**Task prompt**
In the material below, find the line containing "Photo of 1253" and the line containing "All The Write Stuff". Output those two lines and all lines between them exactly, without pictures.

**Dataset**

= Beginning of Section =

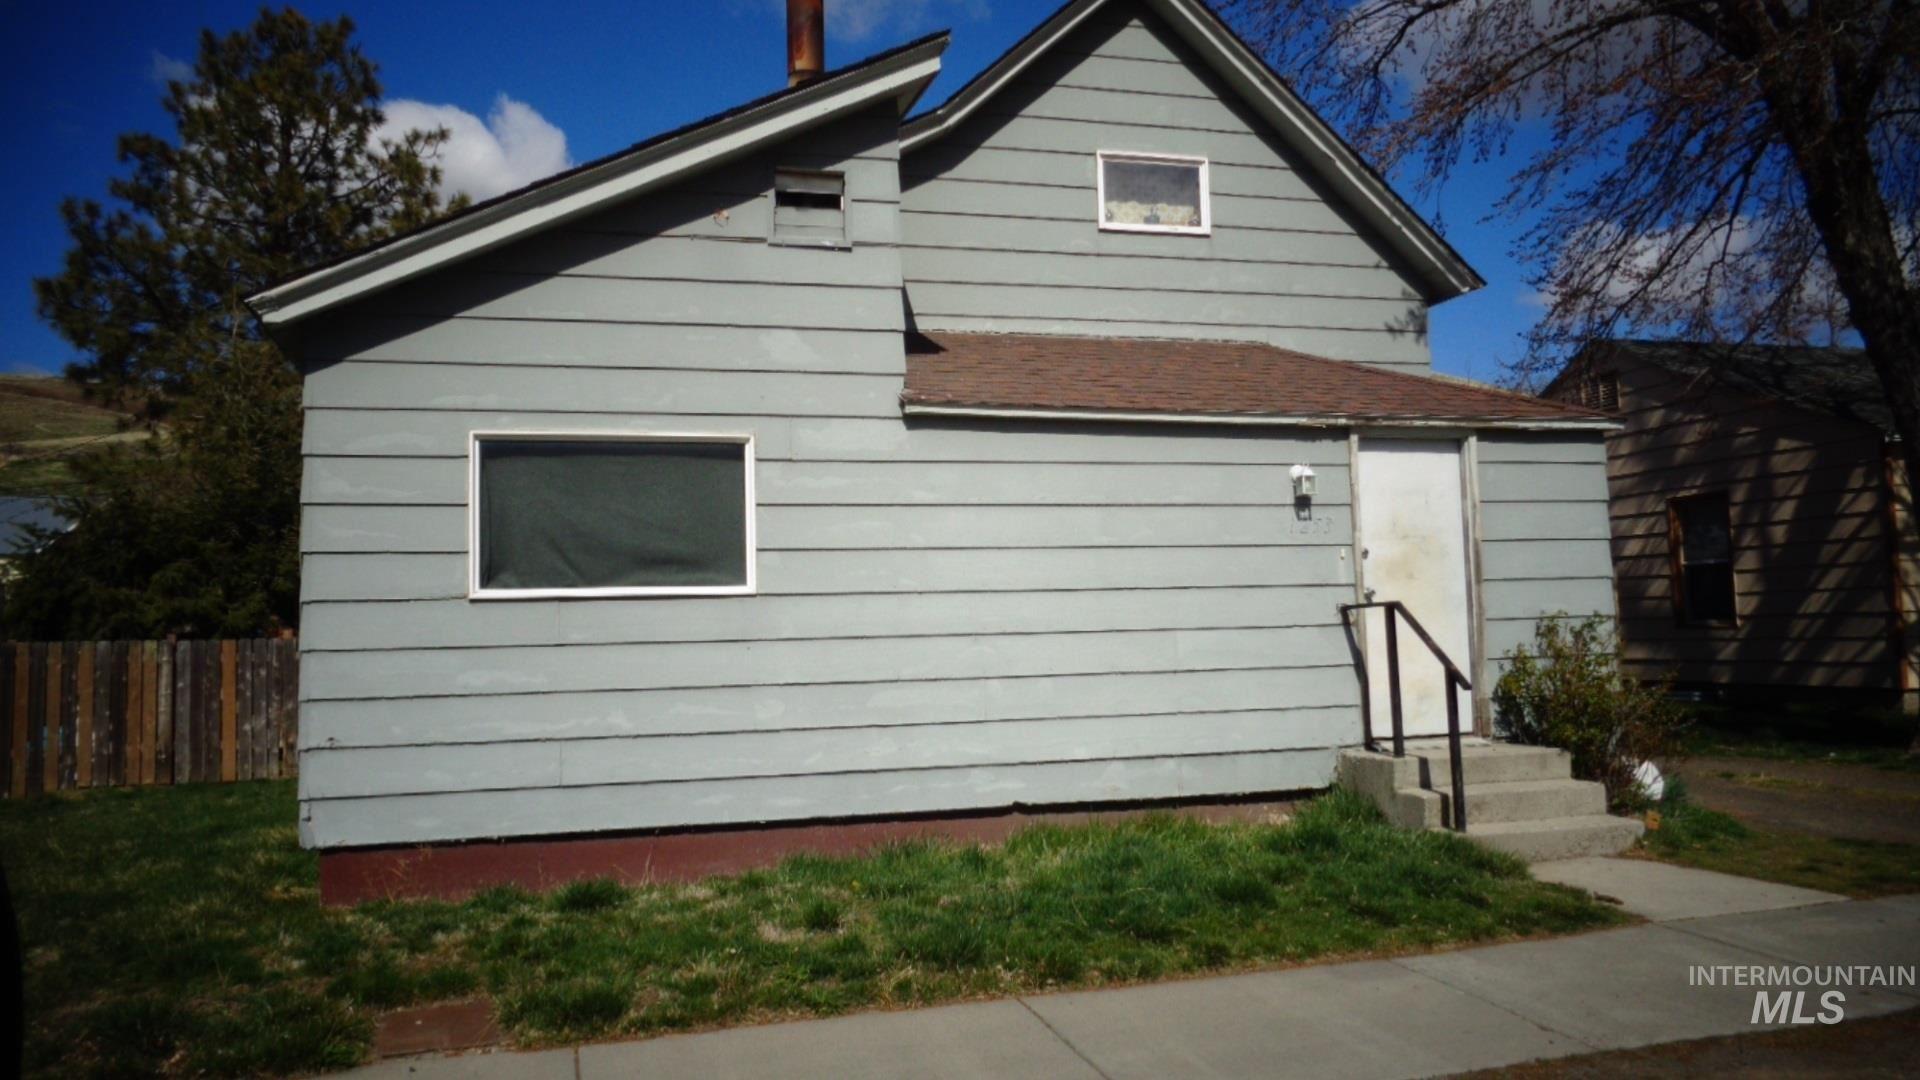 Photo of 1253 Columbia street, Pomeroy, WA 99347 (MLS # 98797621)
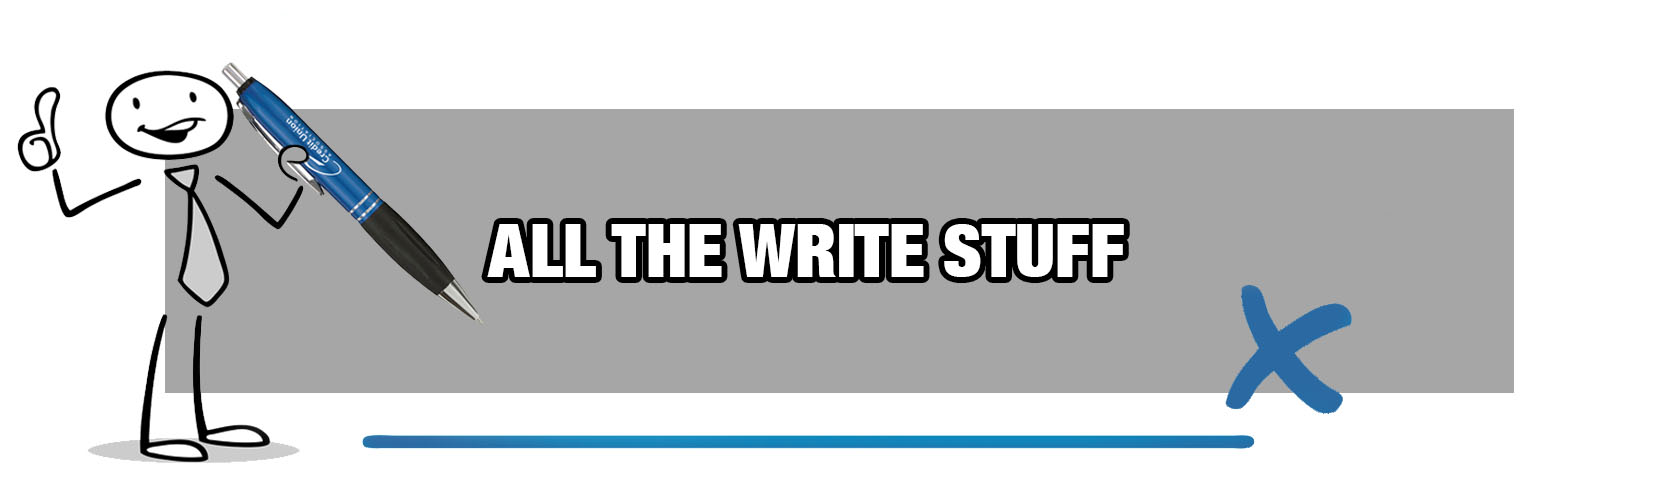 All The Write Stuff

= End of Section =
= Beginning of Section =

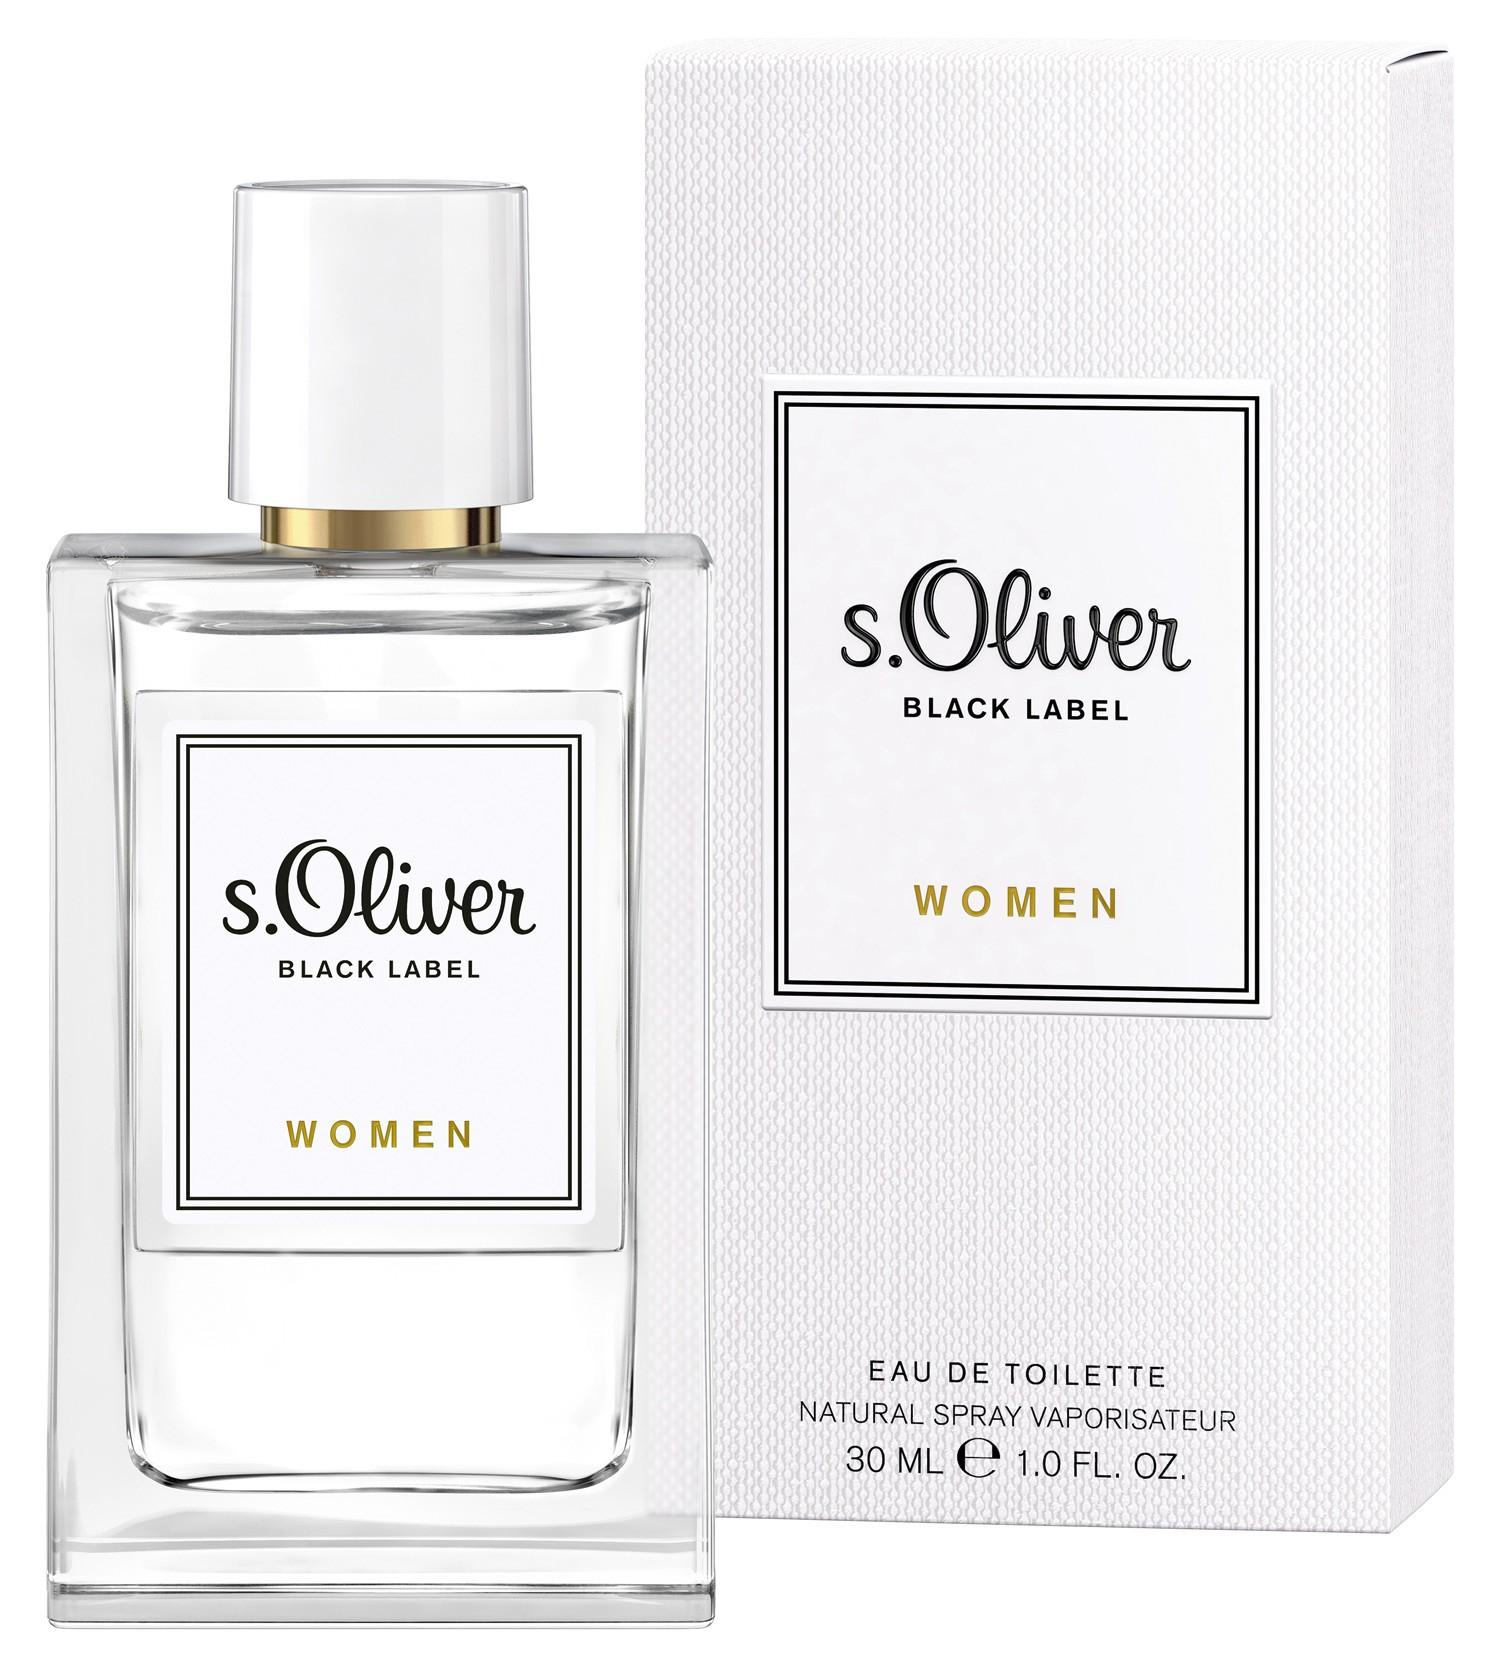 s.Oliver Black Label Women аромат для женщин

= End of Section =

**Task output**
 Photo of 1253 Columbia street, Pomeroy, WA 99347 (MLS # 98797621)
 All The Write Stuff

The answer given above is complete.